===== DATA TO PROCESS =====
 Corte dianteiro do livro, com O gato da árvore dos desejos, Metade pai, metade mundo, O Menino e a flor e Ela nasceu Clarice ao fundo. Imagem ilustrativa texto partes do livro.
=====
===== DATA TO PROCESS =====
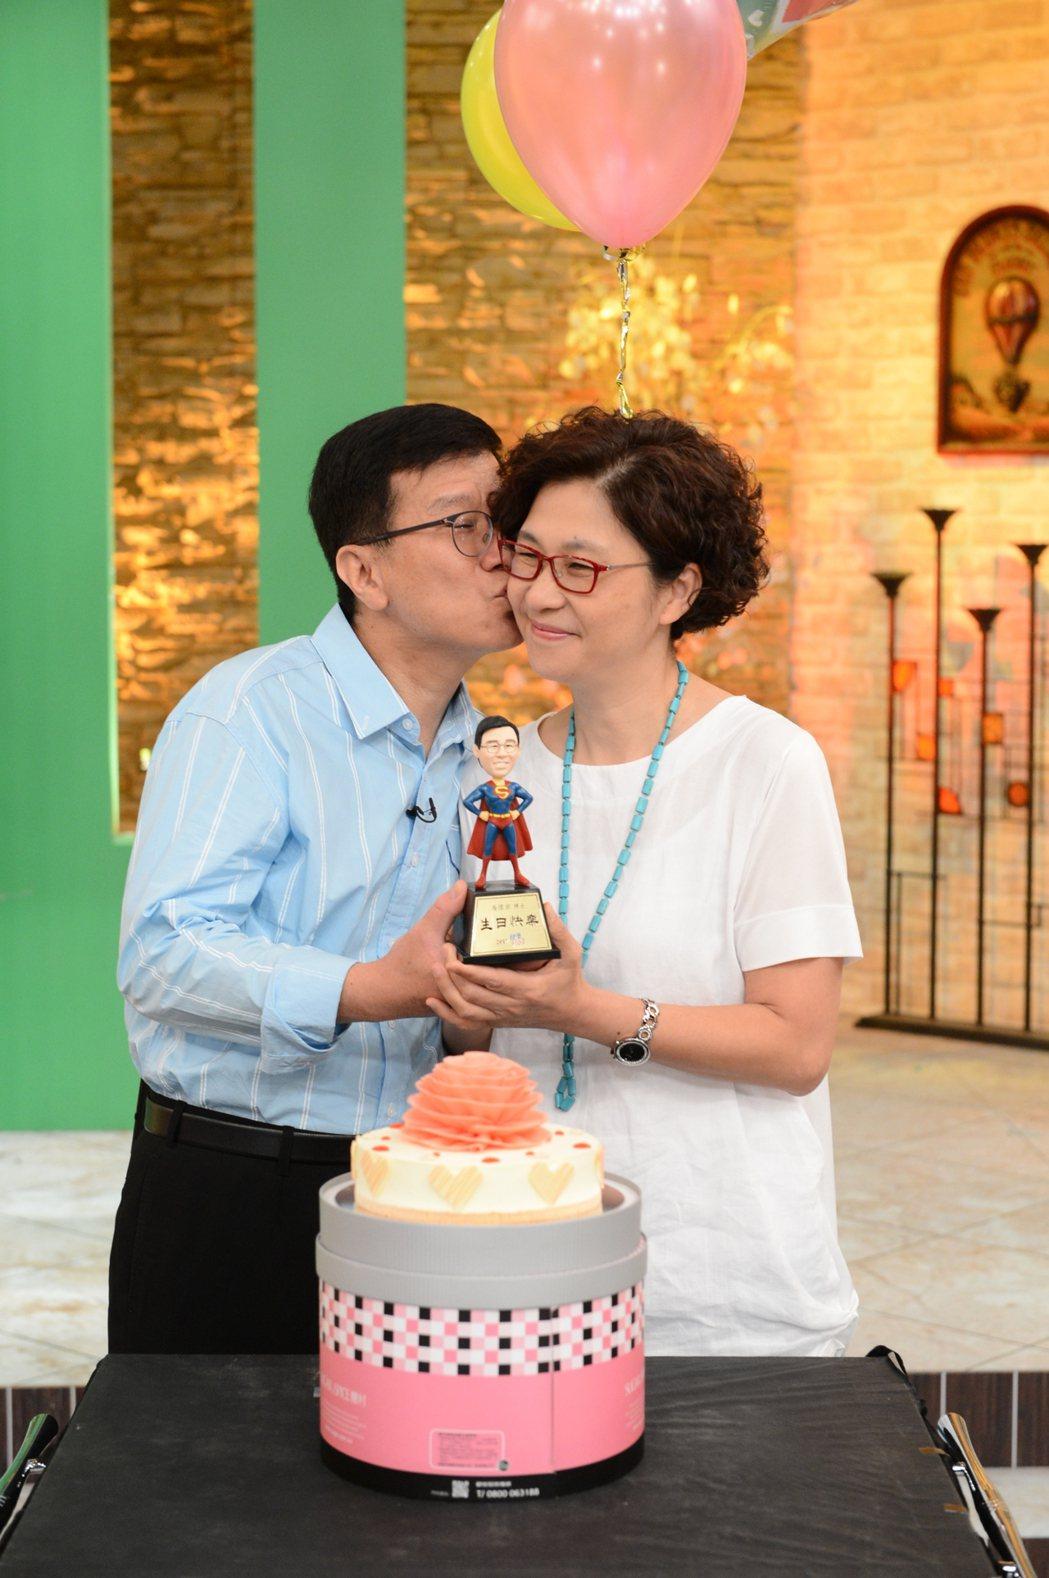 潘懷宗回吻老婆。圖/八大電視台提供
=====
===== DATA TO PROCESS =====
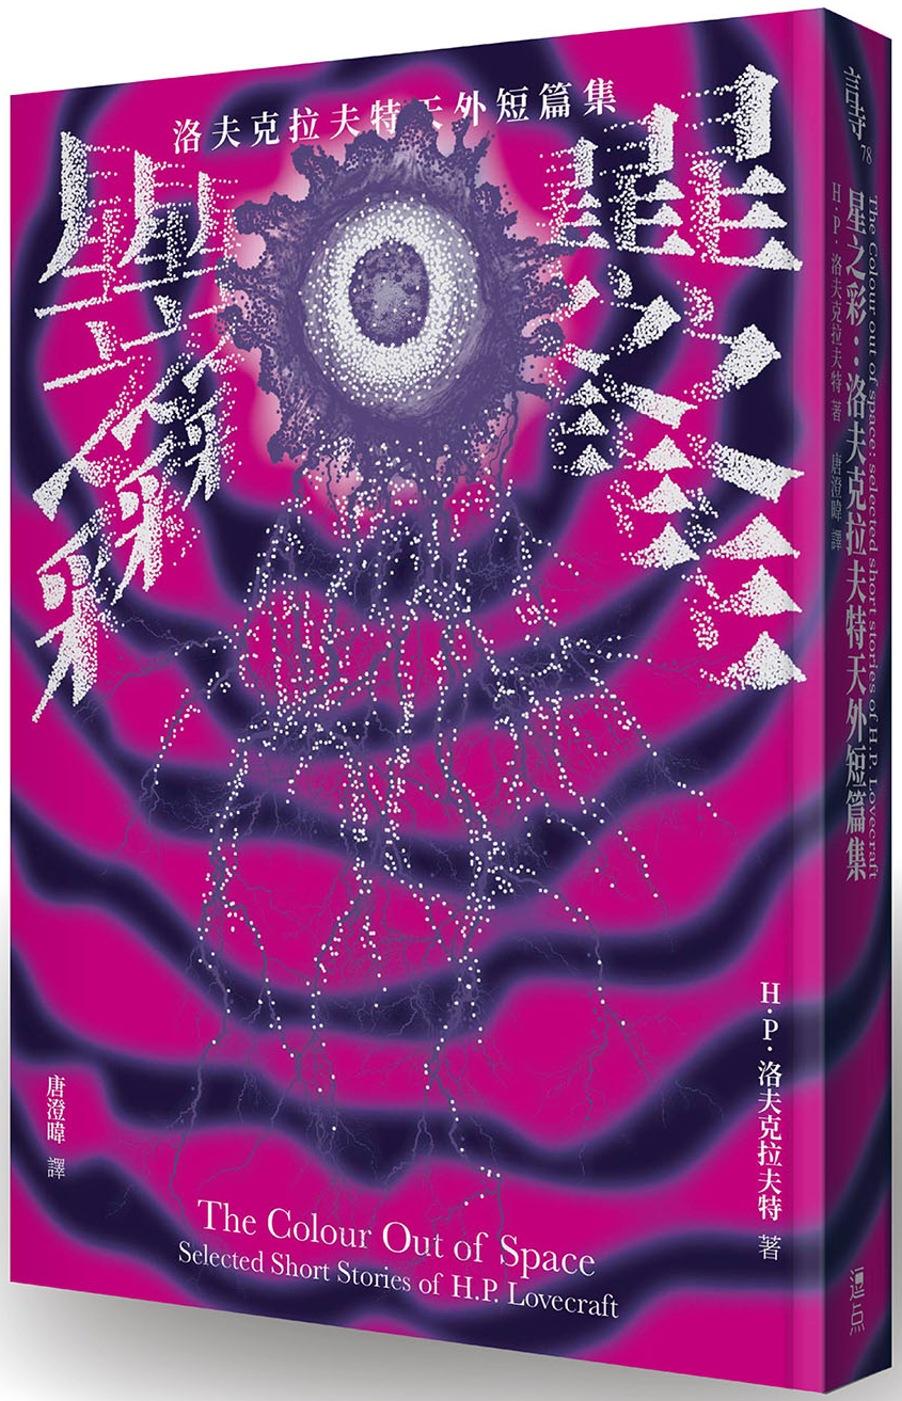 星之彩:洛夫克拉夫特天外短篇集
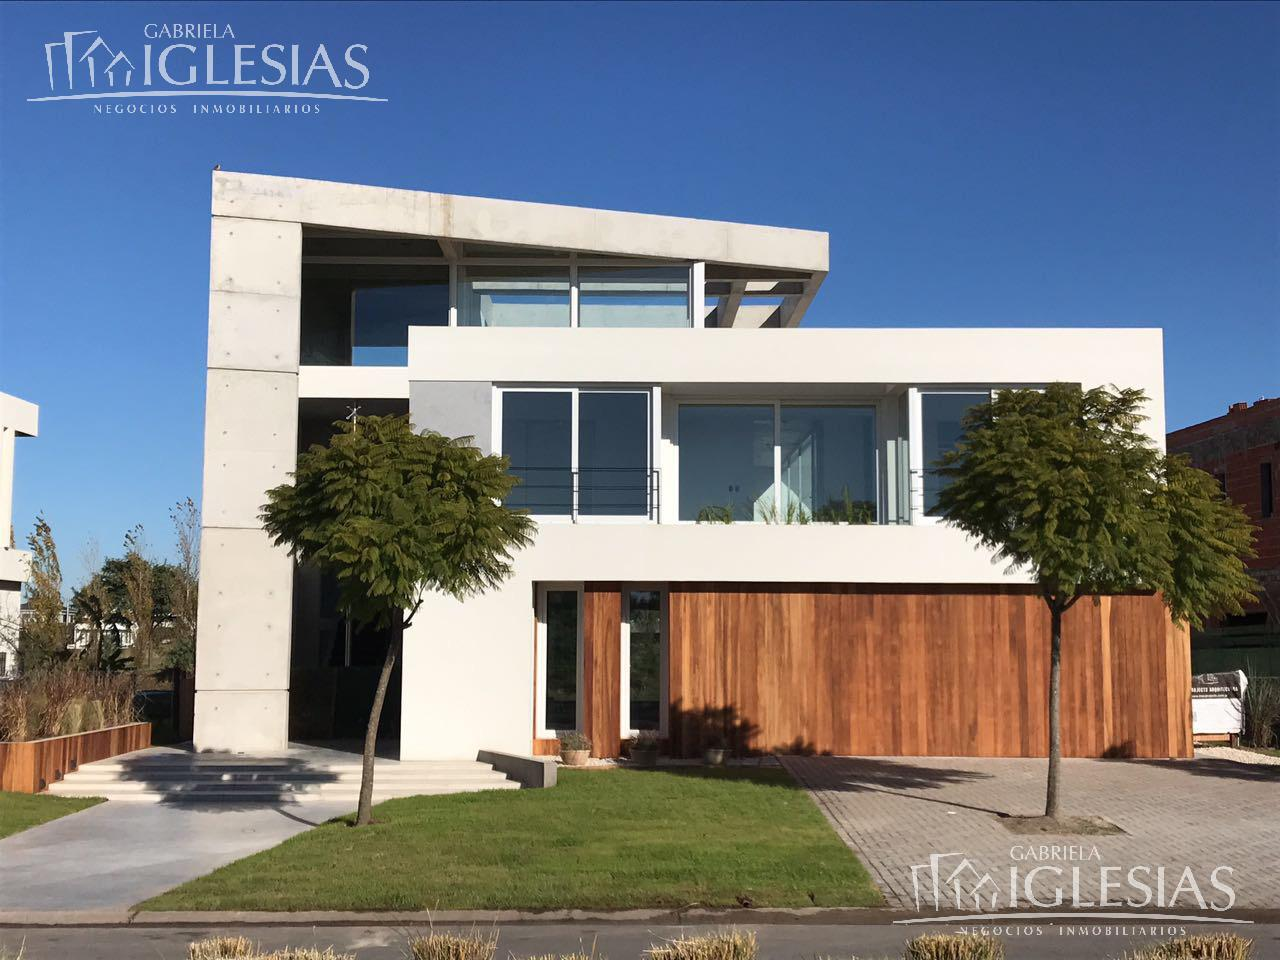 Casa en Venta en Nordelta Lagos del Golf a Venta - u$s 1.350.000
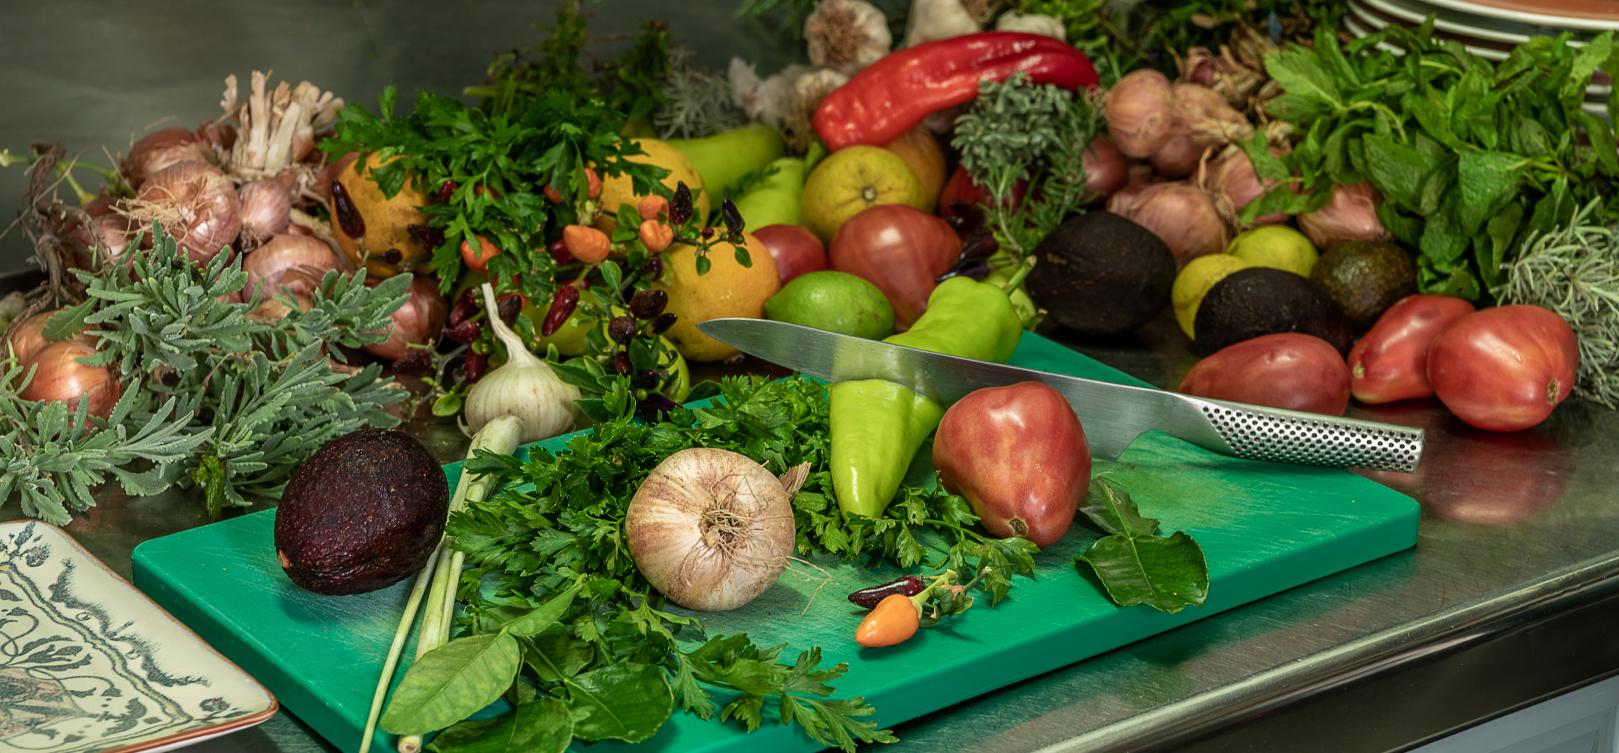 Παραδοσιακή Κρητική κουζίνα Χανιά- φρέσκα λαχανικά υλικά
=====
» **TASK PROMPT**: Please transcribe exactly the part of the records that opens with the line containing "星之彩:洛夫克拉夫特天外短篇集" and closes with the line containing "Παραδοσιακή Κρητική κουζίνα", both ends included, and leave out the pictures.

» **RESPONSE TO THIS TASK**:
 星之彩:洛夫克拉夫特天外短篇集
 Casa en Venta en Nordelta Lagos del Golf a Venta - u$s 1.350.000
 Παραδοσιακή Κρητική κουζίνα Χανιά- φρέσκα λαχανικά υλικά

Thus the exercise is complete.